Today was a busy, interesting day. It started off with me going to the house of a childhood friend to get the ball rolling on this gluten free stuff. I left her house with some emergency food, a cookbook, and a handwritten wealth of information from restaurants to what to do if I get "glutened".
I was so grateful to her, and it felt so good to feel like I was finally talking with someone who understood many of my symptoms and also my fears. We even share the same phenomenon of how being pregnant makes our health improve dramatically. This friend has severe Celiac disease, but could eat gluten just fine when she was pregnant, up until right before she weaned her baby (insert "Twilight Zone" music here).
After leaving, I decided to check out a nearby gluten free bakery, because if I am going to survive this I have got to be able to have something yummy to eat while everyone around me is feasting on yummy Easter goodies and even everyday treats. How was the food? I can't be too sure at this point, because I haven't tried anything else gluten free. I didn't like my sandwich (but Wes ate it, so maybe I was overly picky), and I liked my broccoli soup - liked, not loved. But I LOVED my chocolate cupcake! And nothing about it tasted the least bit weird at all....this says a lot because I am seriously PARANOID of gluten free food tasting weird. That cupcake gave me an even bigger glimmer of hope to add to the one I had received this morning.
On our way to visit Wes' cute Oma (one of my favorite people....more on that later), who lived in the area, I received an email on my phone from a recent acquaintance who wrote this cookbook. She had just gotten home from an appointment with a practitioner who does something called, "Neuromodulation". She was really excited because the practitioner told her he'd just wrapped up treatment with someone with thyroid autoimmunity that bounces back and forth between hypo and hyperthyroid, and he'd been able to completely reverse it.
How hopeful is that?
Throughout all my research, I have never, ever been told this could be reversed. I have been told that once it gets under control, it is easier to keep it that way, or even make it almost undetectable, but that it would always be a part of my life. Boy oh boy was it ever refreshing and uplifting to hear that there was even a chance at this going away at some point. Wes has been telling me all along that I need to have more faith, that this won't be a permanent part of my life, but I have been thinking he is in denial and soon would come to accept the fact that it simply wasn't true.
But maybe he is right.
Either way, right now, that's what I feel like telling myself.

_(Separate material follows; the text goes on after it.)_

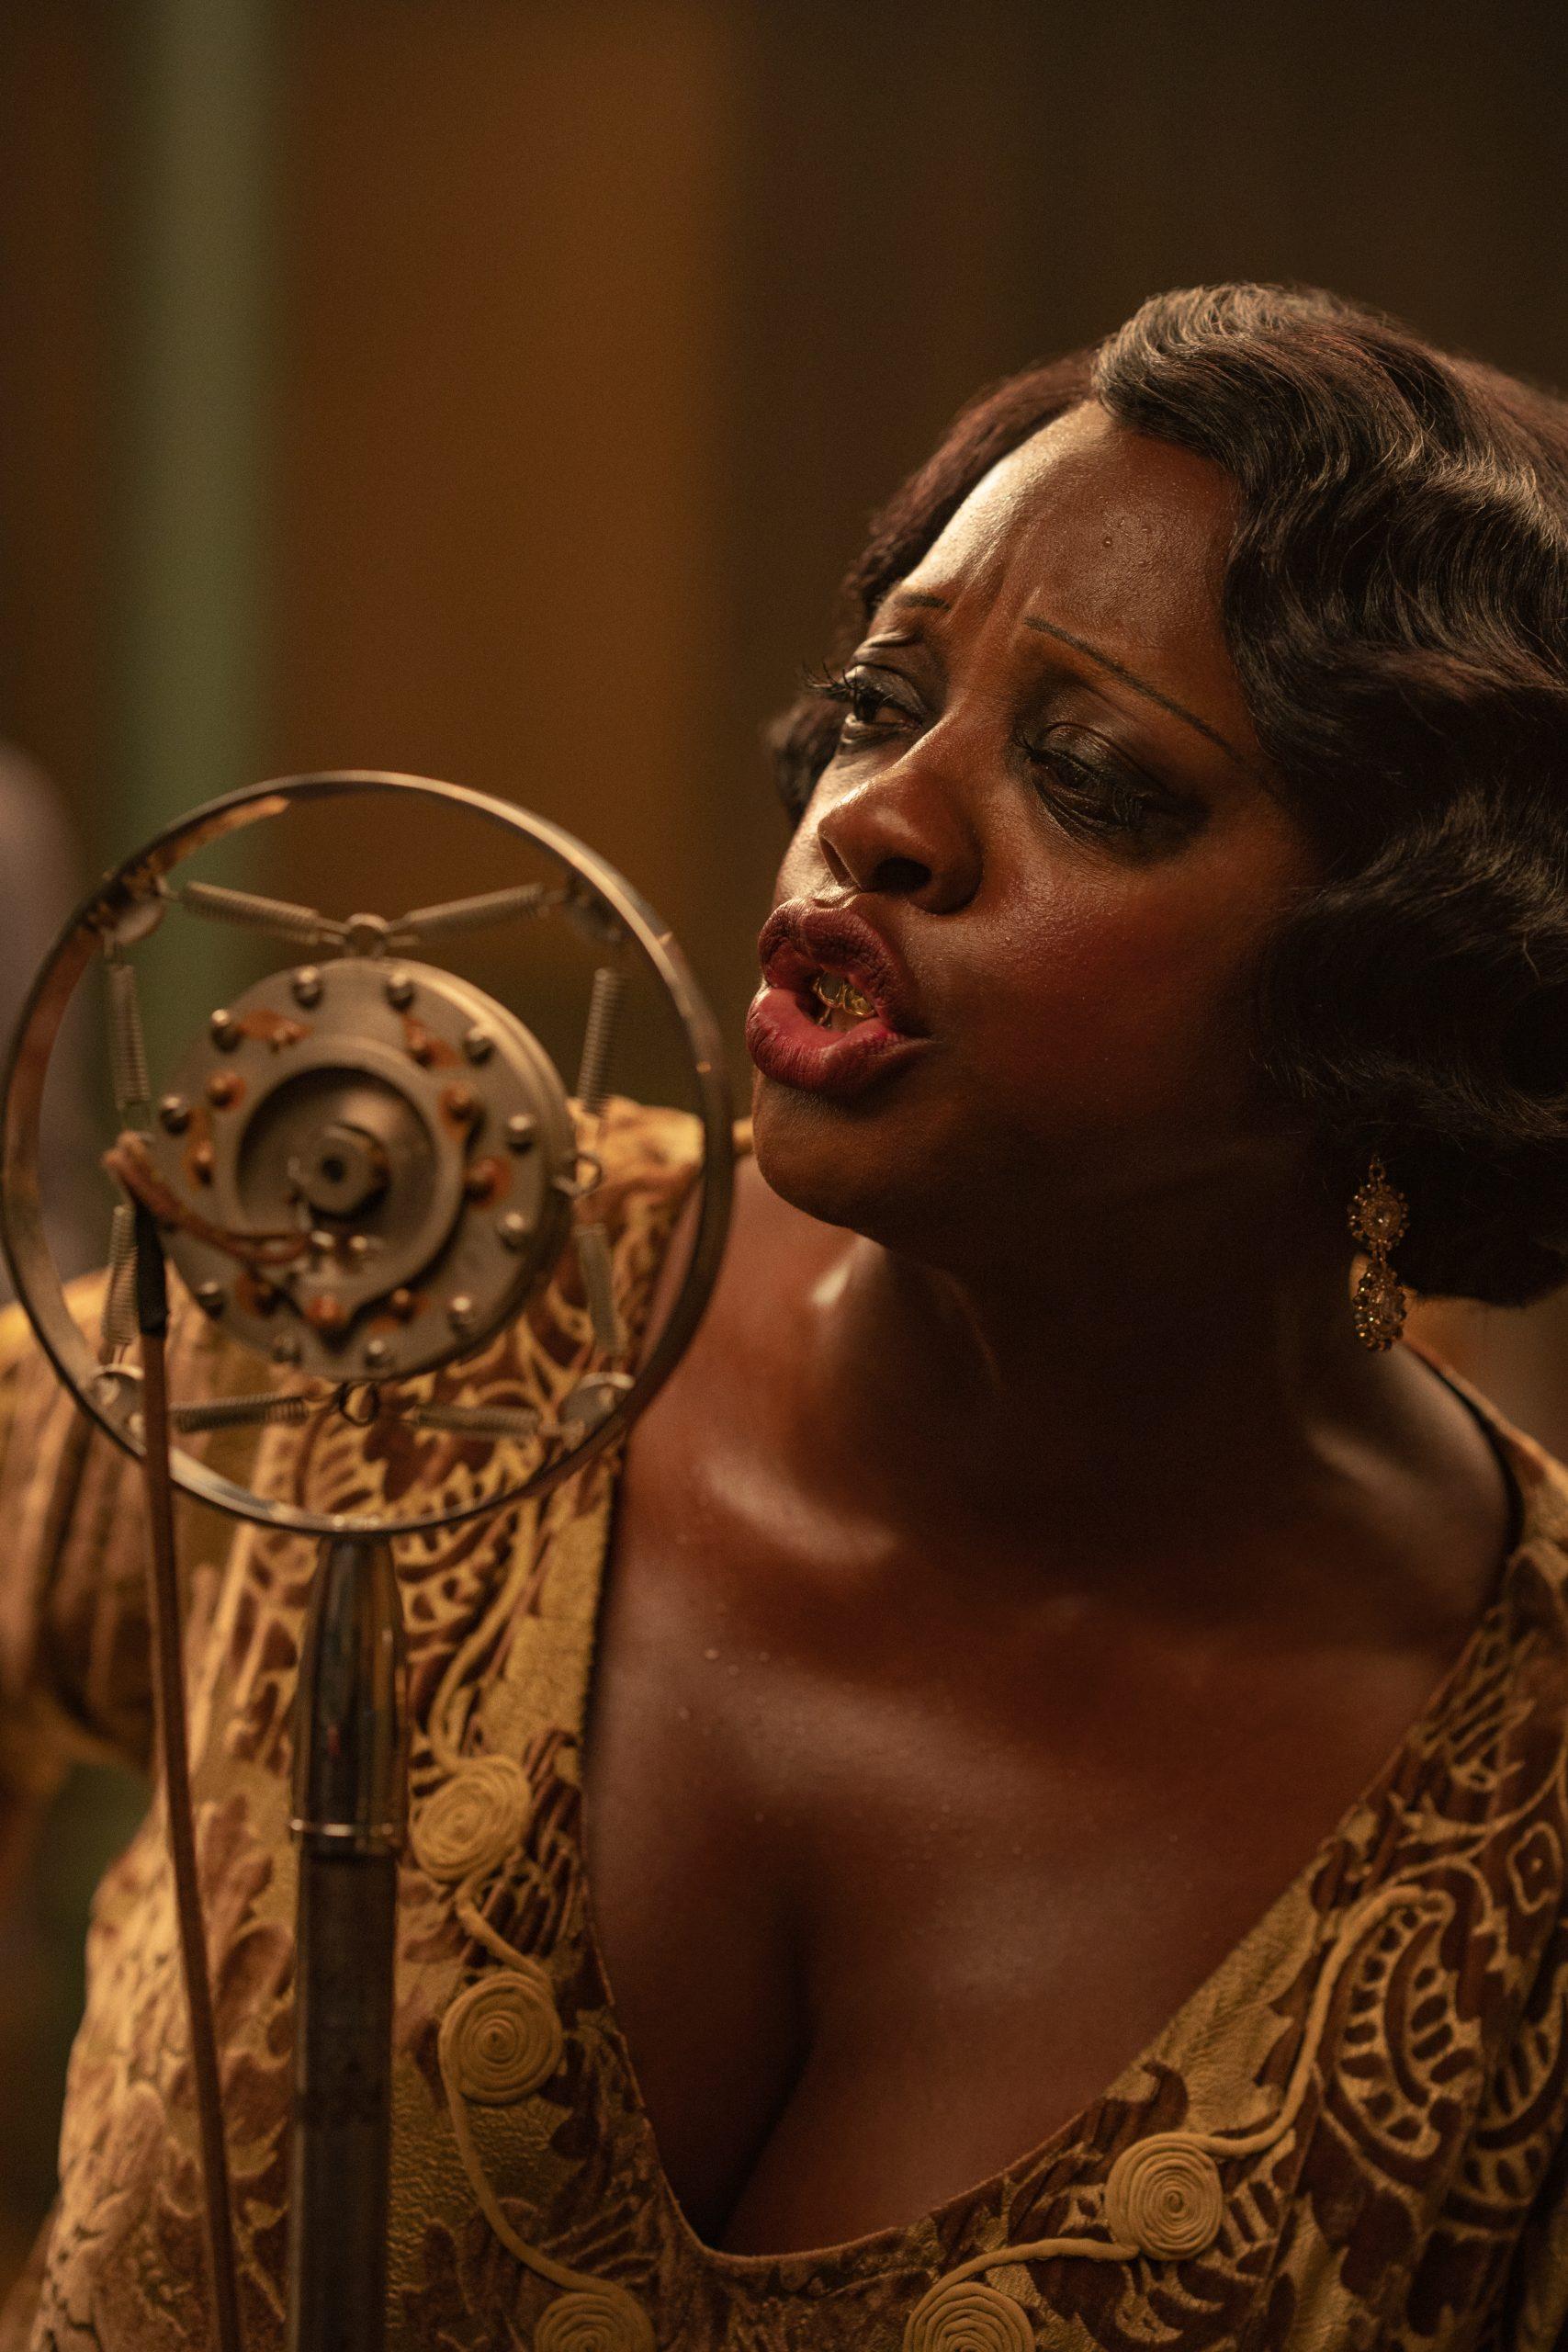 Viola Davis as Ma Rainey in 'Ma Rainey's Black Bottom' on Netflix. (David Lee / Netflix)

Some days, I just feel like I am in someone else's body. How can I be so sick when I work so hard at being heathy? Will this be the new "me" for the rest of my life? Regular doctor's appointments, the inability to function normally, in a constant state of pregnant-like fatigue, and insomnia and anxiety? If so, how in the world do I begin to cope and adapt to this? Where do I start, really?
Some days I feel like maybe things will get better. I feel happy again. I can almost function normally. I get busy and do things. Those days feel so good to me now, except when nighttime comes and I pay for it royally. Those days I am somewhat feeling "normal" during the day, I must overdo it or something, because those nights are the worst. When our piano came, I bustled around the house, doing laundry and rearranging furniture and playing with the boys. That night, I was gasping and having severe heart palpitations until about 4:30 in the morning when I finally fell asleep.
So right now, I want to believe that this vicious cycle is not what my Heavenly Father wants for me. I have some good reasons for believing so, but I truly do not believe that the Lord would want me to be sick and low-functional for the rest of my life. I believe that I wasn't living in a way He wanted me to when this all started, and that this has been a nudge (or even a shove) back to the more mellow, more peaceful, more meaningful life He wants me to lead.
Between the new way of eating (for now), this "Neuromodulation" thing, the NAET therapy I've been debating trying, and my appointment tomorrow with a new (and hopefully final) doctor, I feel like I have more options to sort through again. Maybe it's a little setback in the sense that I was really hoping for tomorrow to be my last stop before coming to a decision. And I really think I will know a lot more after tomorrow. But I also don't think I would have considered these new options, or even some that I am currently in the process of moving forward on, if I didn't have to go through so much already.